Fractals even seem to occur in the stock market. Not to the extent that the movie Pi would have you believe, but there nonetheless.
Any quick math tricks for calculating pot odds on the fly and also the slightly trickier implied odds calculation?
any out you have you can approximate by 2% and each street gives you one chance of hitting it
AQ x AK AIPF
3 queens help you = 3 x 2% = 6% x 5 streets = 30%
It is pretty rough but valuable in game playing. Implied odds have to take into account a lot of other stuff that I don't see a reason to start to calculate it in game. I rather just do it in my reviews.
Also a math guy here, we may chat on private ? I'm planning on doing some stuff on GT/Bayesian GT for RiO.
Thanks Raphael. In game, implied odds are useful for calulating whether you should call a draw on the turn. You look at your opponents bet size and also if you hit your nut draw then the average amount of money you will get on the river.
I'm pretty sure that it is important but a rough calculation can lead to a lot of mistakes. That's my point here. I think implied odds play better on a whole street game than one street, for example the turn. Your x/c range OTT is more 2nd pair/draw heavy and without a good read on tendencies calculating implied odds can be a waste of time and don't will improve your decision a lot, considering that you need to calculate something that is conditional to a river bet. In HU probably it is more relevant since you have a lot of more stats on river frequencies than usual cash/mtt games.

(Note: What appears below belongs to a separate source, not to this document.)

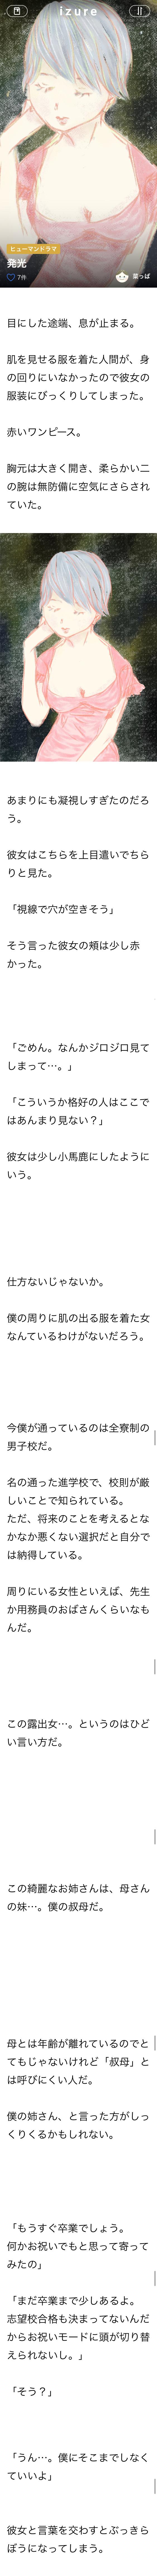 nappa_1.jpg
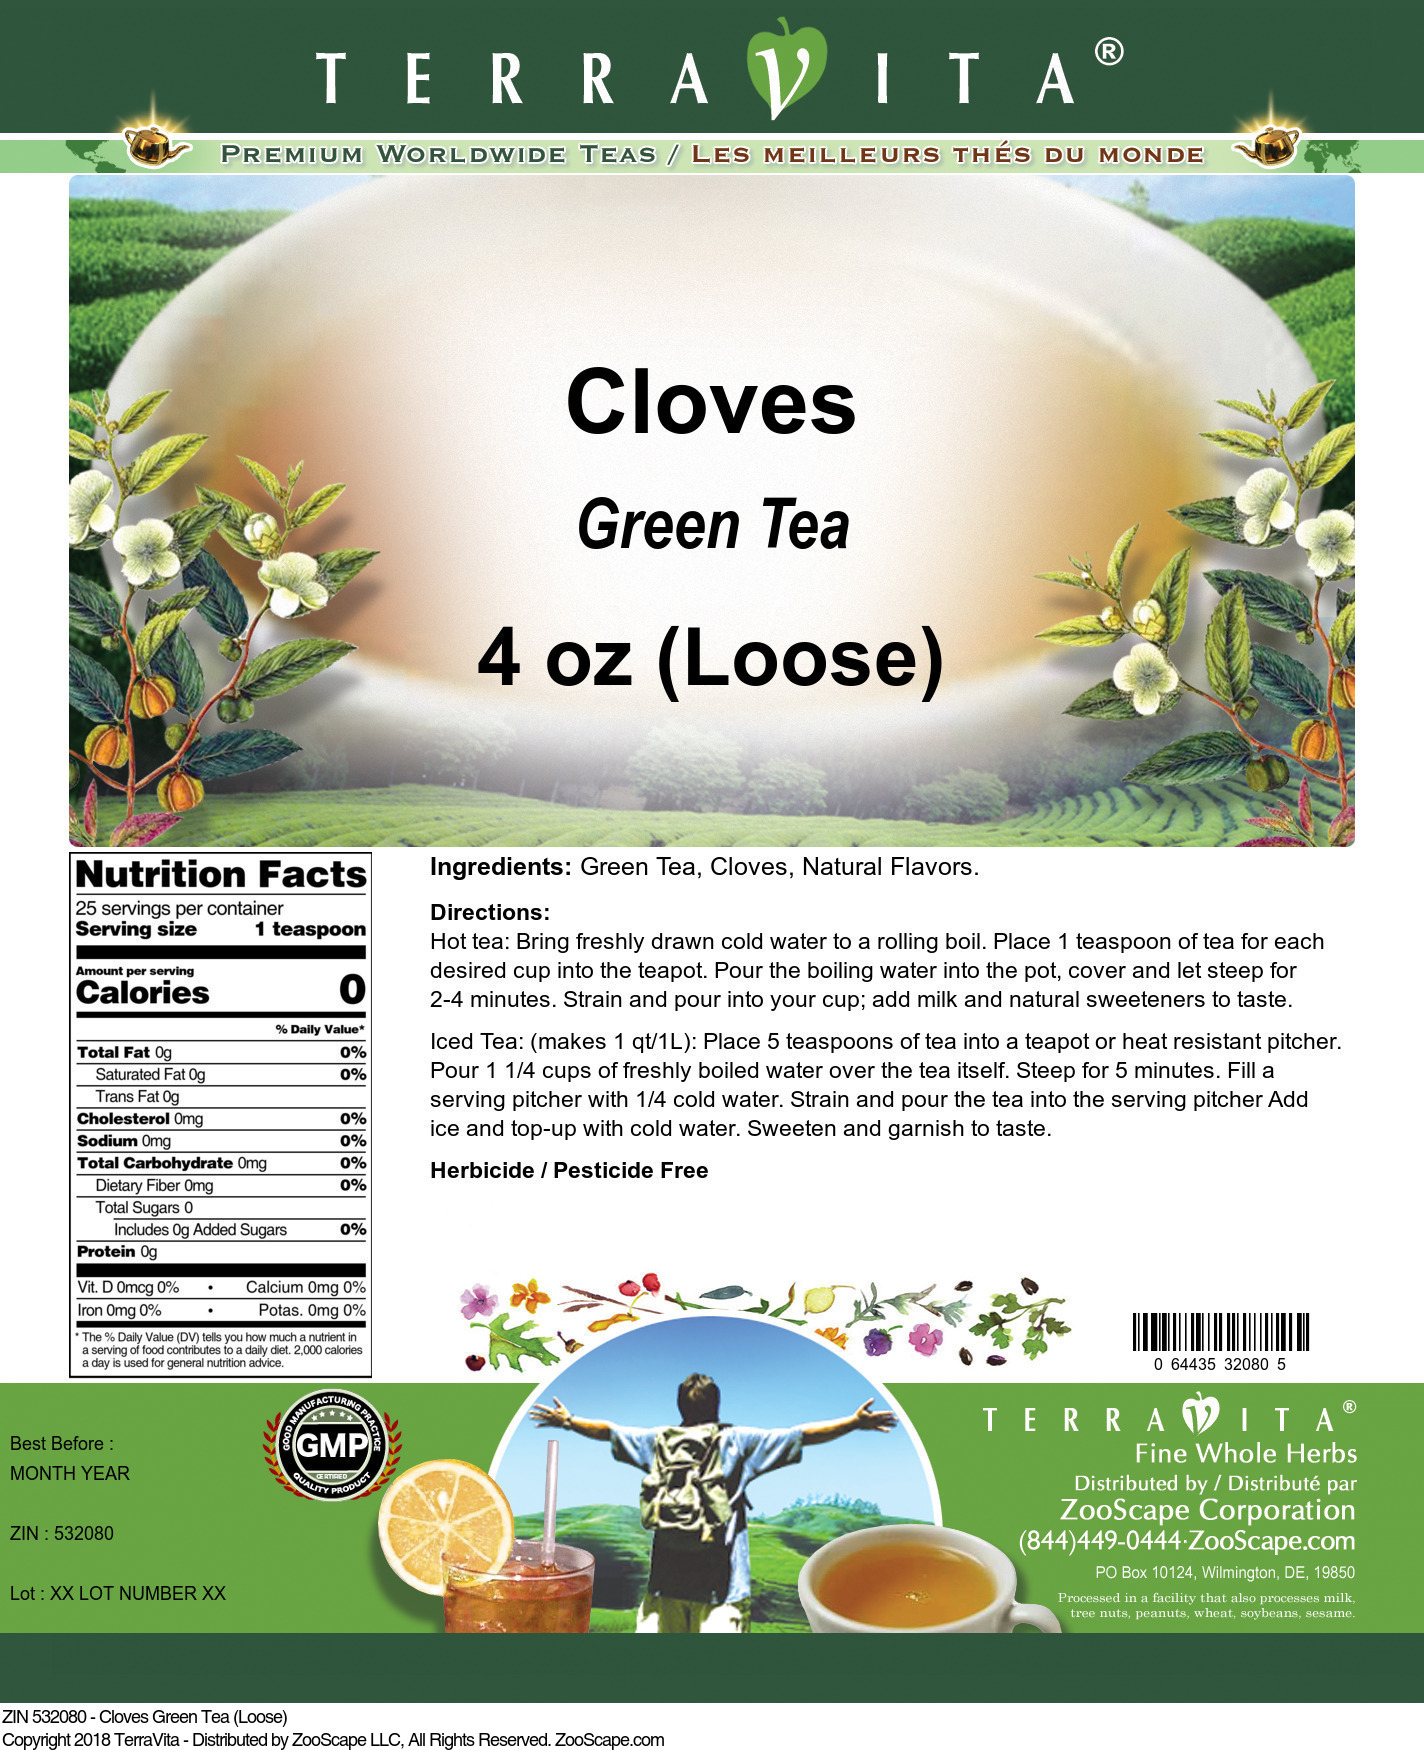 Cloves Green Tea (Loose)

Assuming that we don't donk that often OTR after x/c OTT, if we have a fd OTT and have to decide if to x/c or x/f. Adding 2 outs to flush draws and one to open enders are fine in terms of implied odds but again, it is too rough to change your decision or not.
This guy made a while ago a video/spreadsheet on this but in game I don't like to use it.
https://www.youtube.com/watch?v=4jAlIsrfUJk
https://docs.google.com/previewtemplate?id=0AuG8Qqqo9hkydFJUMHVoMmQ4WlJpMkQ4YUg4RHA3RUE&mode=public
There is something that determines the time Ev gets to their expected result (positive in most cases) or is kind of natural random behavior of repeated actions (raises,All ins,calls,etc)?
The number of trials required depends on how small you want the margin of error to be, and on the desired level of confidence for that interval. Khan Academy explains that stuff much better than I can. You can also get a feel for the time by playing around with the binomial distribution.
As I understand, higher level of confidence is a human, lets say "stat" when execute this trials will produce a less margin of error?
So, confidence measurement intervals are based on trials margin error, right?
Binomial distribution? I havent listen something about that but I ll take a look when I got time.
Hoping for your answers please.... Thanks
The higher the confidence you want, the more trials you need. The smaller the margin of error you want, the more trials you need. What you end up with is a confidence interval, e.g., "Our polls show, with 95% confidence, that 56 +/- 1 percent of voters favor Candidate A."
You might also be interested in hypothesis testing.
In poker, there's no practical use of knowing "how long the long run is". However, on a somewhat related noted, you might need to know your risk of having a downswing of a certain size, which is calculated using your winrate and variance. This archived post from some other forum (not by me) provides an excellent explanation of that.
As for binomial distribution. Maybe you flipped a coin 100 times and got 60 heads. Assuming the coin is fair, what's the probability of getting at least that many? That's a binomial distribution question. If you change the question to 600 heads out of 1000 flips, the answer will be substantially lower.
i know from MOP we can calculate the optimal river bet sizing given how often we are beat...BUT ID love to see an equation that can do that on the turn. Ive heard its been done but is very calc heavy and cumbersome.
I'm only just learning the game theory side of poker myself, so I can't help ya there. Applying game theory to the Turn is indeed more complicated. It's talked about in Janda's book Applications of No-Limit Hold'em, and volume 2 of Tipton's book Expert Heads Up No-Limit Hold'em. I don't know if the answer to your question is found in those books because I still have to make time to read (and digest) them.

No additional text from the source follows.